Man, one of my lugnuts misteriously came missing !!!!! its a gorrilla locking lug.. and its just gone!.. only 1... damnit, i gotta switch back to factory lugs i guess


----------



## AnthMC (Jan 4, 2003)

why not get a replacement lug for it?? Go to the place where you bought your rims, or to any wheel place. They might be able to help you out. And no clue how that became missing huh? Kinda strange.....


----------



## holy200sx (Jan 8, 2003)

yea.. im scared.. . im just going to through a stock lug on it.


----------



## Token Moron (Mar 28, 2003)

i dont see how this belongs in the b14 section, but anyhow, i guess someone took it off your car which means someone out there has the key to the lug nuts, and putting a stock lug nut on wont help in preventing them getting stolen IMO, go to a wheel store and buy a seperate lug nut pack that is different than the others on your car, and put one on each wheel, so u have 3 that are the same and one that is different on each wheel


----------



## holy200sx (Jan 8, 2003)

well. i have stock B14 14" wheels... whoever wants these are idiots.. then again, i have nice tires..


----------



## sethwas (Apr 30, 2002)

Maybe you should wear a cup next time for protection.

Seth


----------



## Katana200sx (May 13, 2002)

lol @ seth. i never got around to putting locking lugs on my rims. as long as its secured to my car, my insurance pays for it so what do i care.


----------



## azkicker0027 (May 31, 2002)

what about the factory mc gard locks, i have 'em and i don't use them anymore, i'll sell 'em to you.......that's when i bought aftermarket wheels.......


----------



## holy200sx (Jan 8, 2003)

lol.. i dont really need them anymore.. but i just wanted a matching set of lugs.. i will just use stocks for now


----------



## rios (Jun 10, 2002)

u never truly appreciate what they do until you loose a nut.


----------



## holy200sx (Jan 8, 2003)

dangit, i guess i bnusted a nut.


----------



## rkeith (Jan 12, 2003)

wow. that sounds like a personal problem.... 

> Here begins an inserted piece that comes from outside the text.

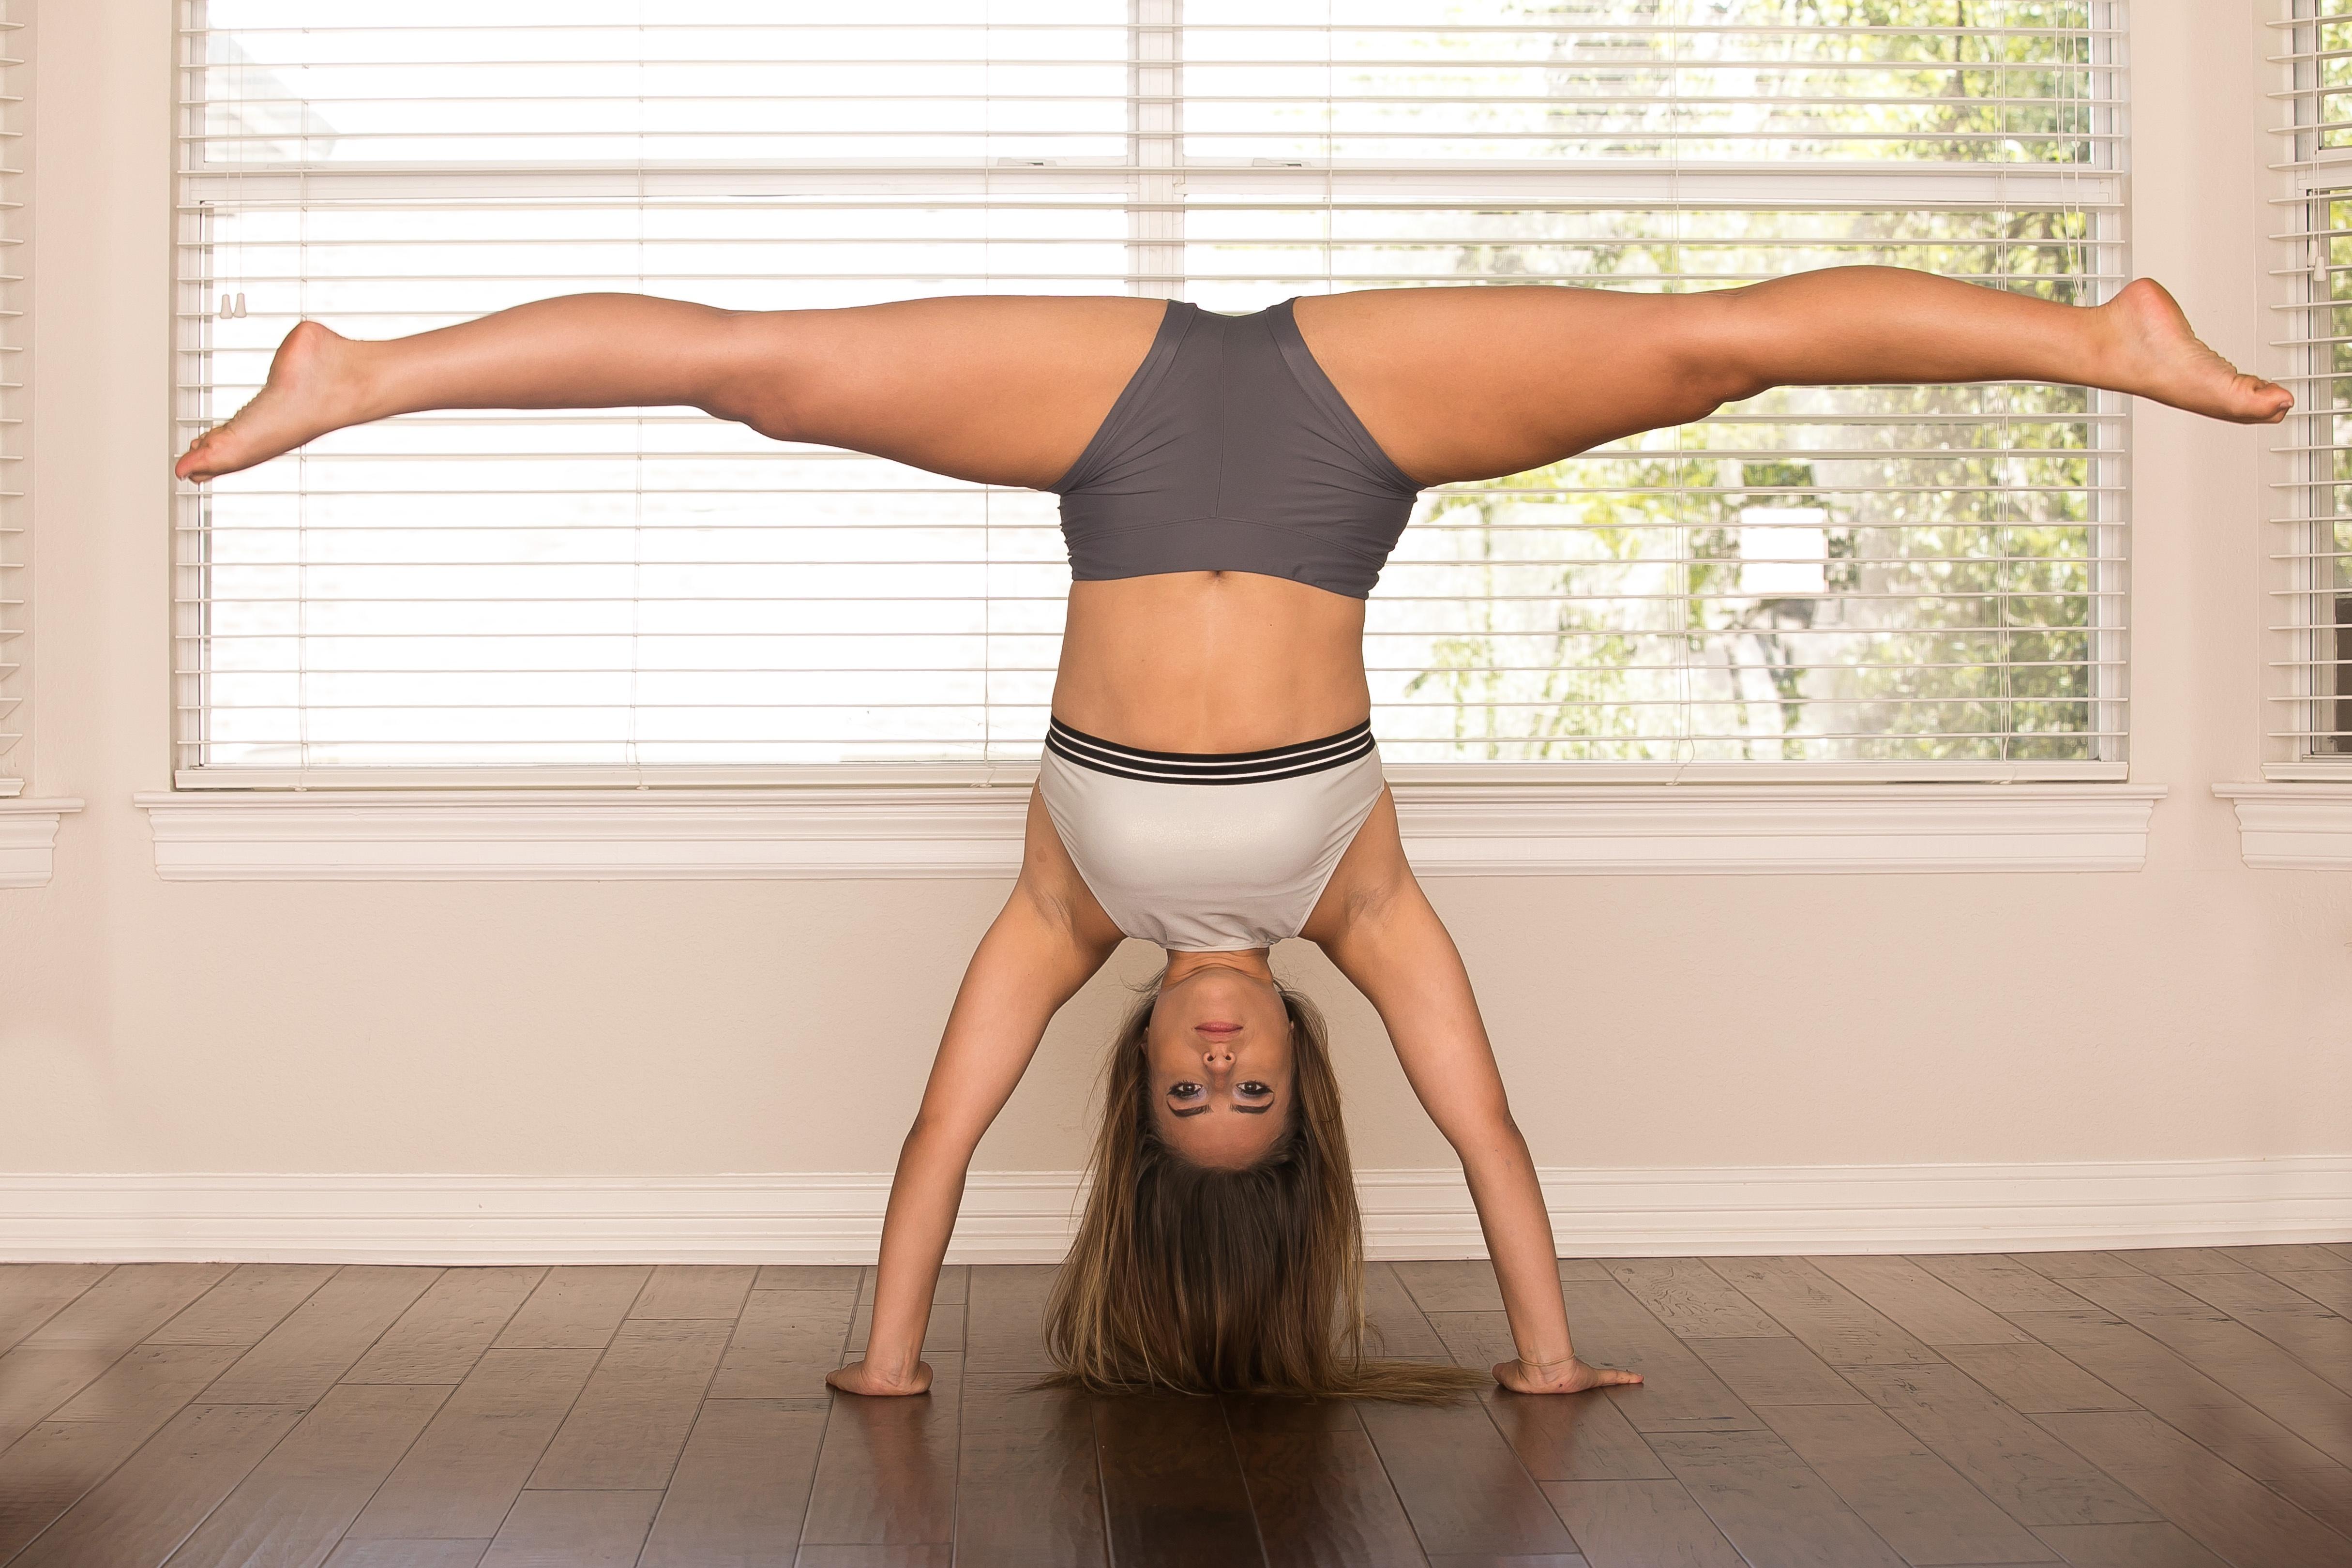 wallpaper : gymnastics, spread legs, barefoot, women, model

I had a prob when I put on my SE-Rs:
I had an aftermarket lock set on my 17s but when I sold them I sold the key with them and left the lugs on my car! Geez, Im can be an idiot sometimes...


----------



## droppinbottom (Jun 30, 2003)

dont feel to bad, i guess u can say i wrung one of my nuts off! lol the last dumb [email protected]$ shop that rotated my tires crossthreaded one of my lugs now i gotta get the stud off and put in a new one


----------



## azkicker0027 (May 31, 2002)

or get a can of 134a from any local parts store, spray on lock until very very cold, then hit very hard with chisel and hammer......should break off any nut and lock......


----------



## rkeith (Jan 12, 2003)

dont you run the risk of busting a stud by doing that?


----------